Problem/Motivation
DrupalCI currently uses a number of work-arounds to signal itself, Jenkins, and D.O what's going on.
These different strategies are inconsistent and hard to maintain.
Proposed resolution
Based on #2843562-5: Patch plugin doesn't signal an application error
Some design requirements for DrupalCI exception handling and other signaling:
A D.O-level ‘CI Error’ should mean that the CI system broke, not that there was an testing or validation error during CI.
All drupalci code should strive to avoid ‘CI Error’ at D.O level. ‘CI Error’ comes from drupalci returning anything other than 0.
This means BuildTaskException
should always be handled, and should always be handled consistently by Build::executeBuild()
. Intermediaries can catch and process these exceptions, but then must re-throw them.
The Build
object eventually turns a BuildTaskException
into buildstate.json
. (todo: rename buildstate, give BTE a way to generate its own json.)
buildstate.json
is a single quoted string which can be read by D.O. It should contain a user-facing explanation of what happened. It could appear on D.O in the in-comment test run results, such as "Build Successful" or "CI Error".
Plugins should handle exceptions from code they call, for likely issues such as a container is missing. These should then be turned into a BuildTaskException
which is then thrown to be handled by Build
.
Comments
Comment #2
Mile23Comment #3
Mile23Note that
Build::executeBuild()
says this:That is, it always returns 2 for an exception.
Comment #4
MixologicRight, thats what we want.
This:
Reads funny.
It is only *currently* that way, because anything other than 0 causes jenkins to FAIL the build. Drupal.org does not *currently* know what to do with FAILURE.

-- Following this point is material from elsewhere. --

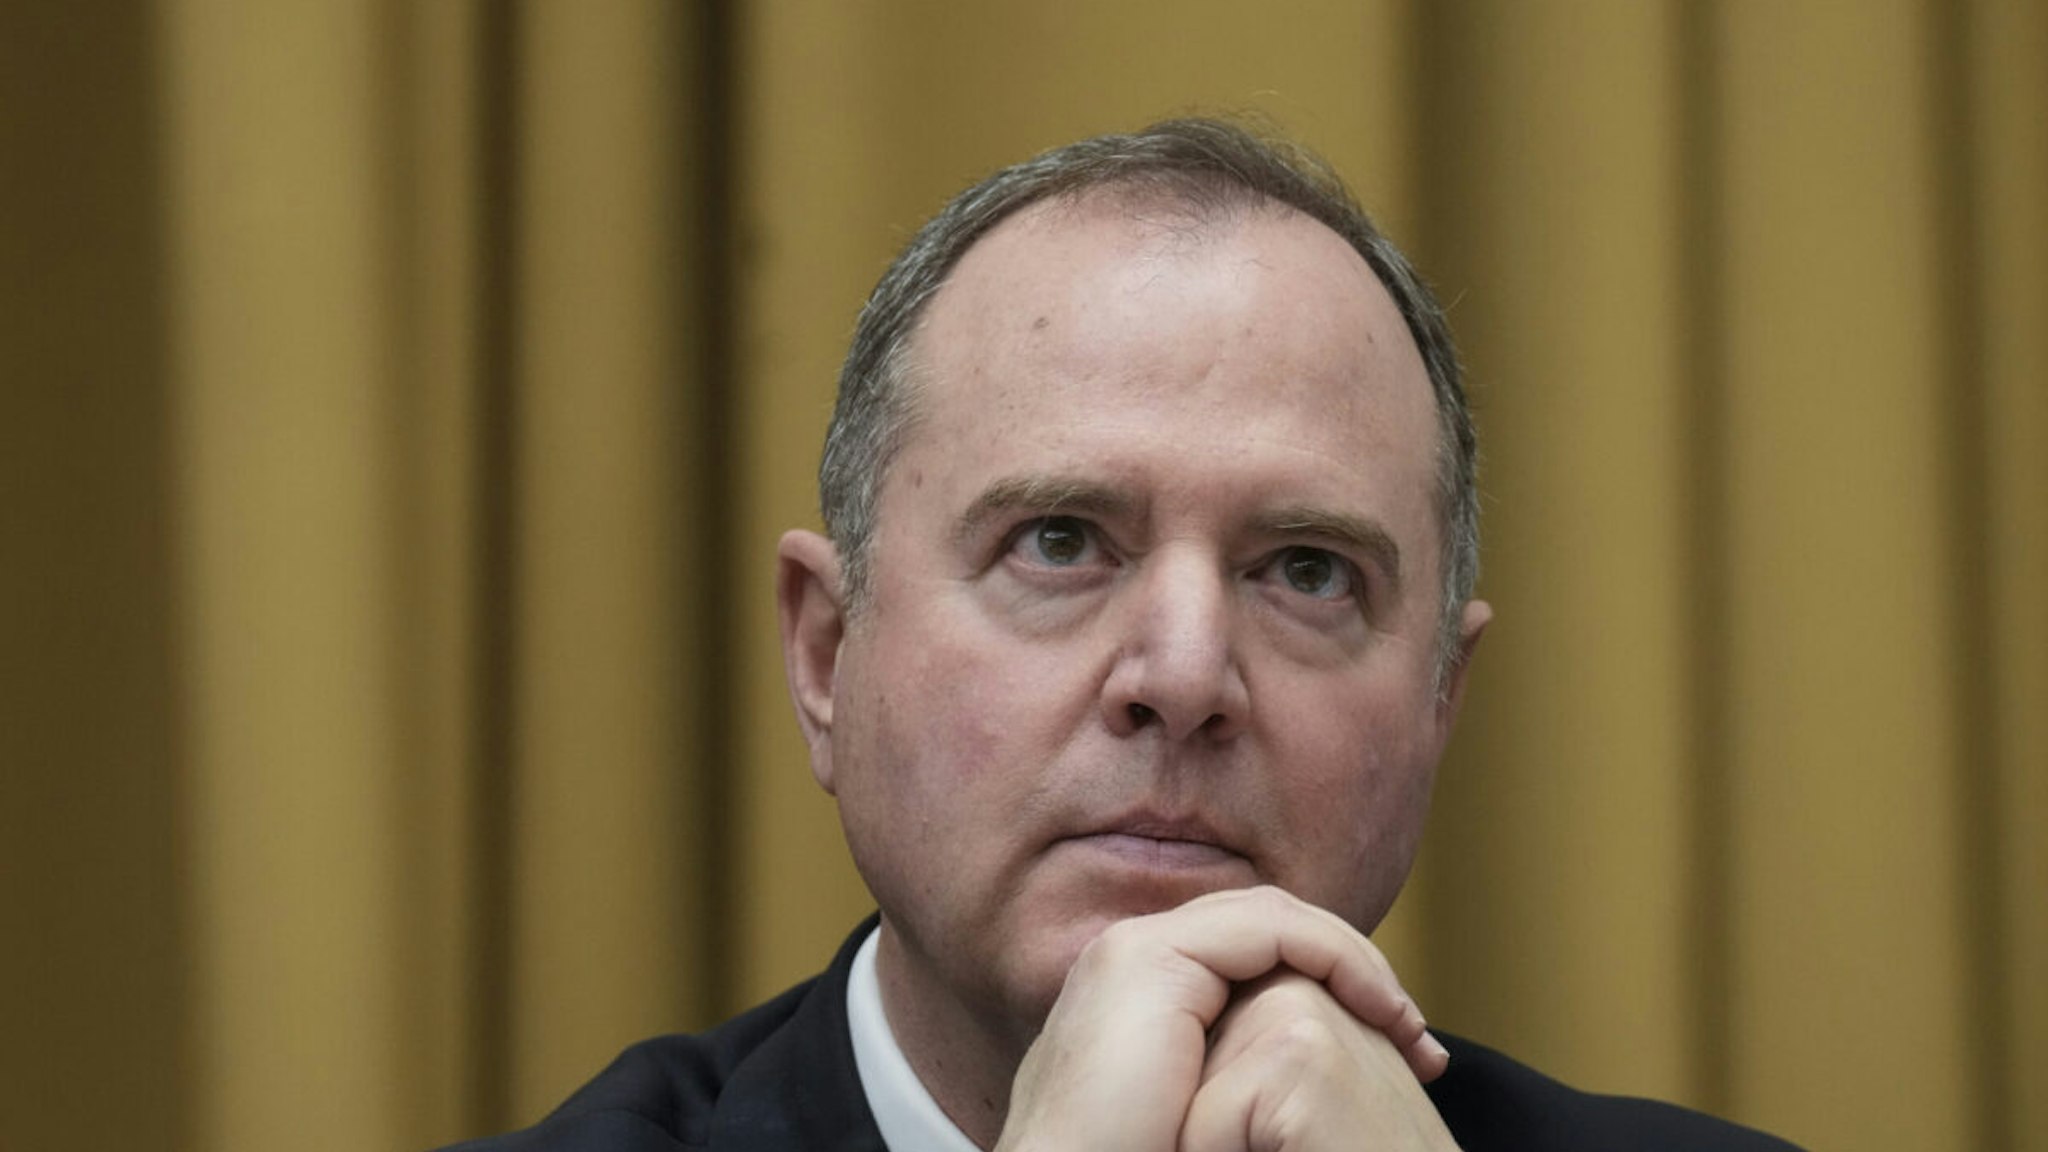 U.S. Rep. Adam Schiff (D-CA) attends a business meeting prior to a hearing on U.S. southern border security on Capitol Hill, February 01, 2023 in Washington, DC.
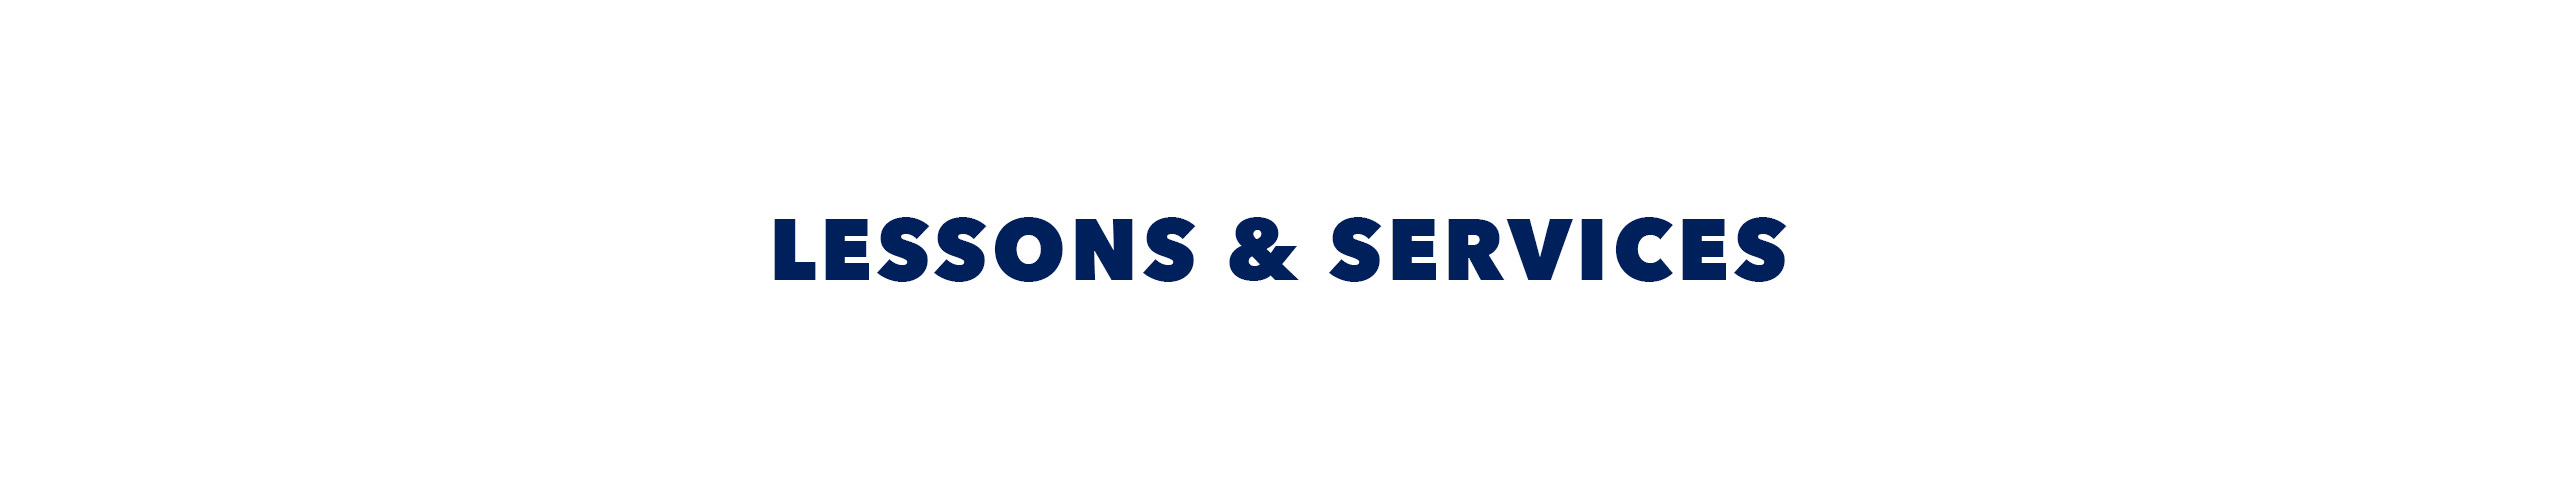 Lessons and Services Header

So, We first have to give drupal.org something it can use when it sees FAILURE - i.e. buildstate.json needs to be populated with a short message describing the nature of the failure: Patch Failed to Apply, PHP syntax Error, Composer Require Error, etc etc.
Second thing is change drupal.org to not just default to CI ERROR when it sees FAILURE. It should see FAILURE and then parse buildstate.json and display that message Instead of "DrupalCI Error"
Then, once that is working, we can return to having drupalCI spit out proper signal responses. I..e it should always spit out a 2 if there is a BuildTaskException, and 1 if there were failed assessments, and 0 if everything is hunky dory. And probably something other than 0, 1, or 2 if a portal in the spacetime continuum opens up to unlighted chambers beyond time and space amidst the muffled, maddening beating of vile drums and the thin monotonous whine of accursed flutes, and Azathoth gets up off his throne and declares a segfault.
Comment #5
MixologicRe-reading it seems like you were already saying what I said. Carry on.
Comment #6
MixologicIm gonna take a quick stab at this. It was actually listed on my sprint as a thing to do before next week anyhow.
Comment #8
MixologicOkay, I havent actually ran any tests on this yet, but I did wanna get this WIP out there.
Some TODOS: calls to terminateBuild ought to be < 50 chars and make sense, and spit out good data in the exceptionDetails. for example, the Patch plugin should fix this: #181174: Included rejected patch file as text on results page by sticking whatever patch failure message we have into the details.
Im gonna go ahead and 'unplan' this and convert it to a task.
Comment #9
Mile23I like this architectural change to drupalci, but I'm switching this back to a plan so we can be clear on what issues need to happen in other projects.
BTW the tests fail. I'd fix them but I still don't understand a plan of action, which is why this issue is a plan. :-)
OK, so we have three things, and this will largely restate what I think you're saying:
So if the constraint where Jenkins gives us the choice between 0 or ARMAGEDDON is hard (or at least not something we want to muck with), then we can do the following:
This would mean that we should never return anything but 0 from drupalci if we can help it, but it also means we have to modify D.O to read in our status file.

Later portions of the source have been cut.